Failure to Notify Guardian of Behavioral Health Consultation
Penalty
Summary
The facility failed to ensure a court-appointed guardian was informed of and able to participate in care decisions for a resident with multiple complex medical and mental health diagnoses, including multiple sclerosis, renal tubule-interstitial disease, bipolar disorder, delusional disorder, and anxiety disorder. The resident had a LETTER OF GUARDIANSHIP dated 4/17/14 that appointed the Office of Public Advocacy as full guardian, with explicit authority over medical care, mental health treatment, physical and mental examinations, and approval of all medications, medical procedures, and psychotropic medications. Despite this, the resident was sent to a behavioral health consultation on 10/22/25, during which the consultation report documented that the patient was unescorted, that documentation at the time of the visit indicated a guardian/POA, and that the patient was unable to explain the reason for the visit.

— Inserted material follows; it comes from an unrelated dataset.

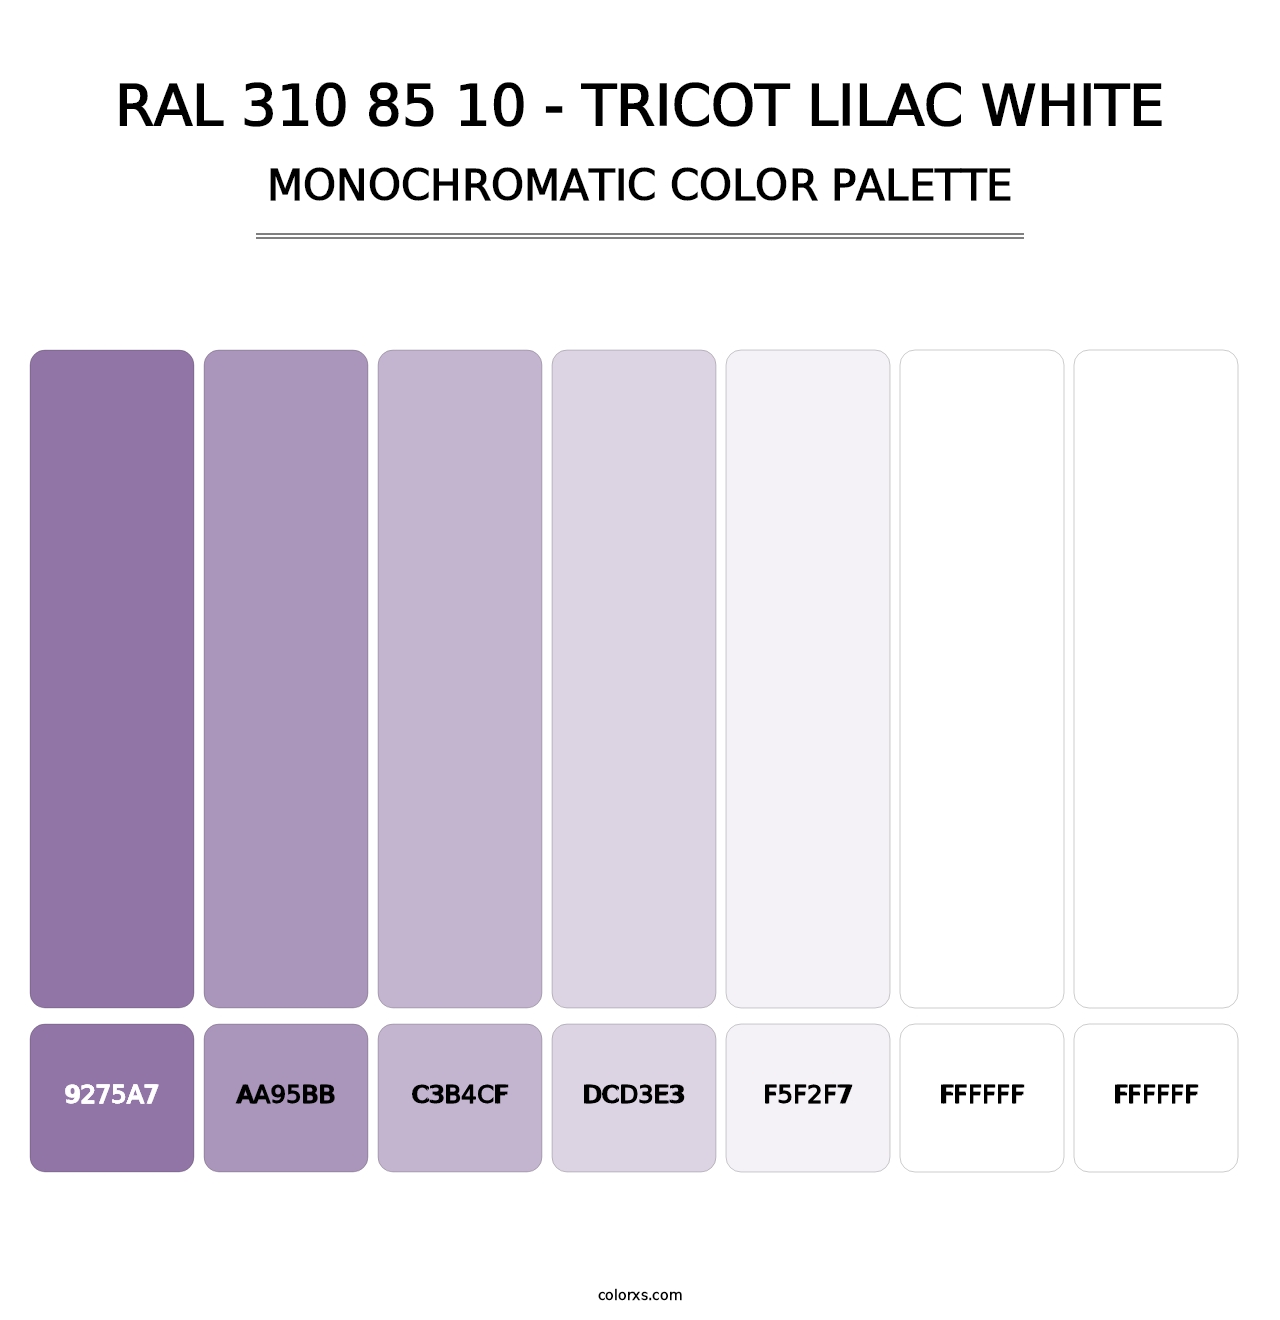 RAL 310 85 10 - Tricot Lilac White - Monochromatic Color Palette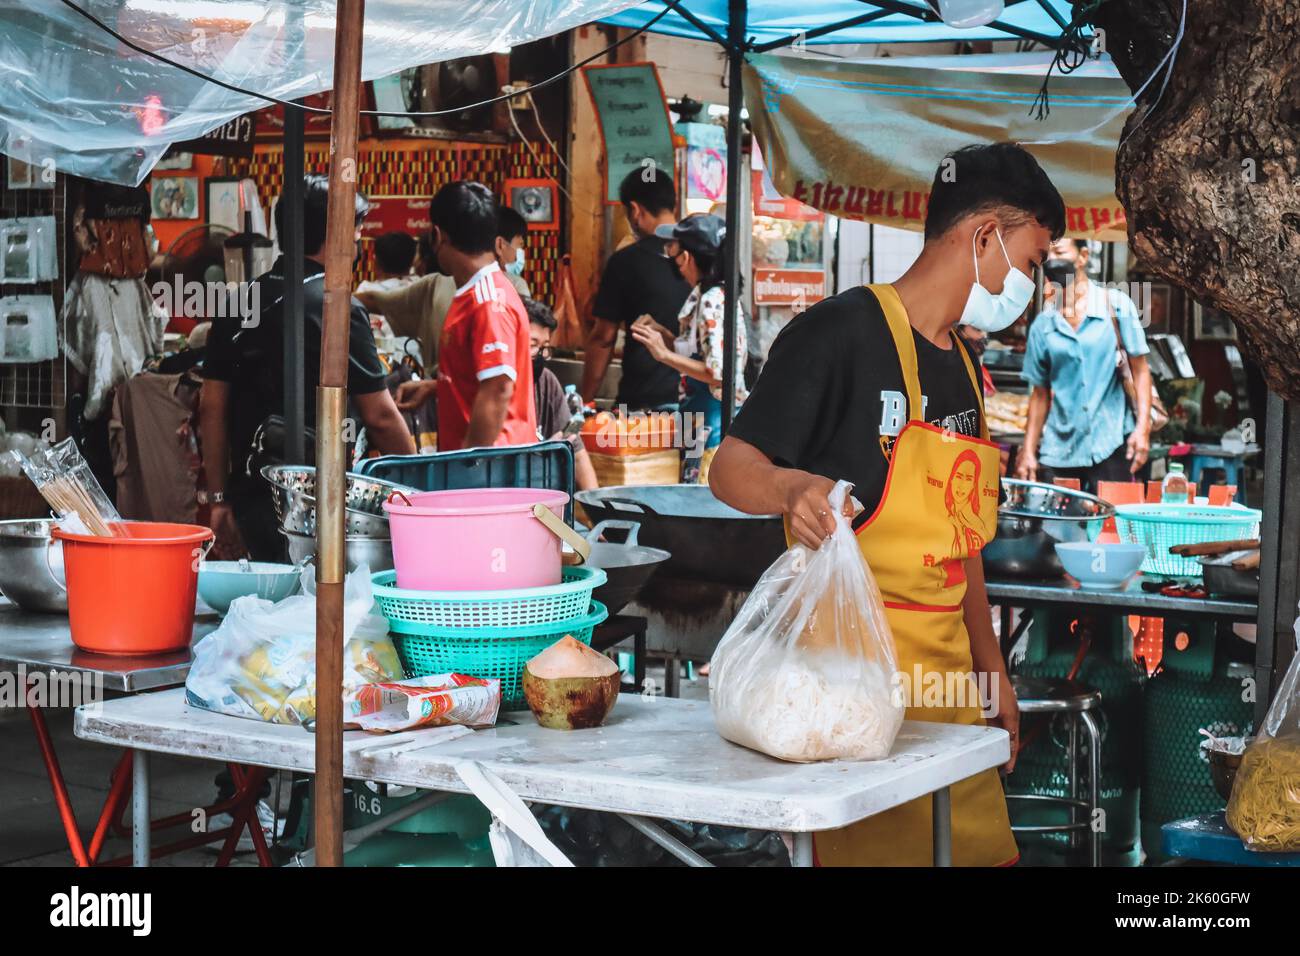 Cuisine de rue dans China Town à Bangkok, Thaïlande Banque D'Images

The consultant recommended obtaining more information about the reason for the visit and guardian contact. Interviews and document reviews showed there was no documented guardian notification regarding the scheduled psychiatric consultation. The Administrator and DON confirmed there was no documented guardian notification. The staffing schedule for the date of the appointment noted the resident needed an escort, but the DON could not verify who the escort was. An email from the Assistant Administrator stated that the facility’s driver provided transportation and ensured check-in, and referenced a recent BIMS indicating intact cognition, which the facility typically used to determine that an escort was not required. The same email and a follow-up email acknowledged that it was standard practice to notify residents and representatives of appointments, but there was no documentation in the chart confirming guardian notification for this mental health appointment. The guardian later stated it was possible they had been made aware but could not recall due to a large caseload, and there was no facility documentation verifying that notification or consent had occurred.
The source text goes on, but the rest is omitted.